Redenção pela cultura?

O homem que passou pelos horrores de duas guerras mundiais não pode mais
crer na força redentora da nossa cultura e civilização, como pretendiam certos
otimistas do século passado. Ciência e técnica, cultura e civilização não
redimem o homem.

“Abrir uma escola é fechar uma cadeia” – nenhum homem pensante pode
continuar a endossar semelhante ingenuidade. Os grandes malfeitores da
humanidade não foram os analfabetos nem os idiotas, mas homens de notável
inteligência e, não raro, de grande erudição – porém sem experiência espiritual.

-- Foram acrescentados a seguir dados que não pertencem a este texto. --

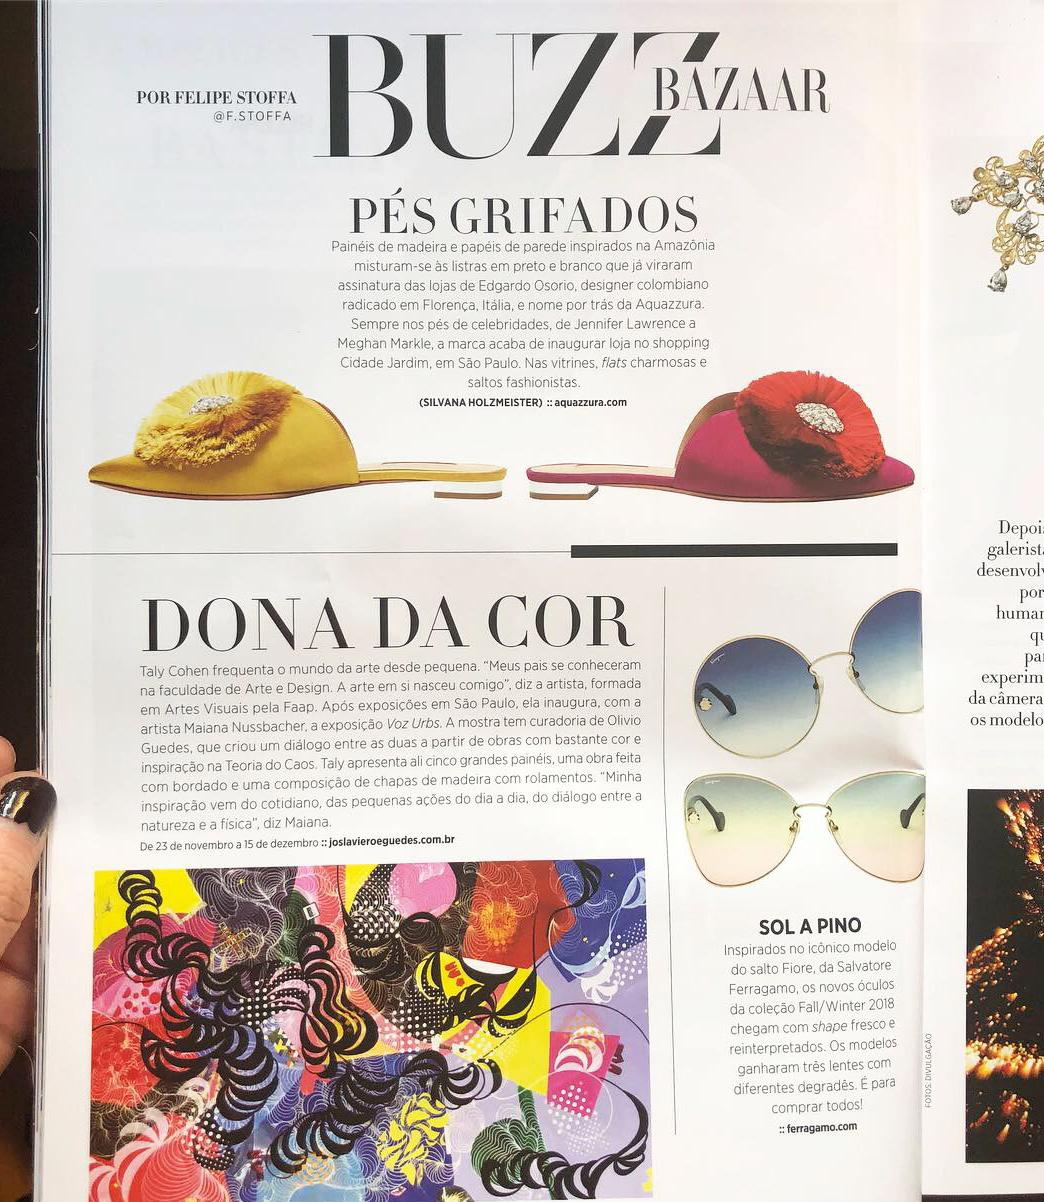 Harper's Bazaar | Revista impressa

A redenção do homem não está no prolongamento do Lúcifer mental – mas,


sim, no descobrimento do Cristo espiritual. Nenhuma religião promete o céu
aos inteligentes, mas, sim, aos bons, diz Einstein.

Tanto o Lúcifer como o Cristo residem no homem, no seu ego e no seu Eu;
mas, enquanto o Lúcifer mental já está em plena adultez, o Cristo espiritual se
encontra ainda na primeira infância, ou ainda em mera gestação...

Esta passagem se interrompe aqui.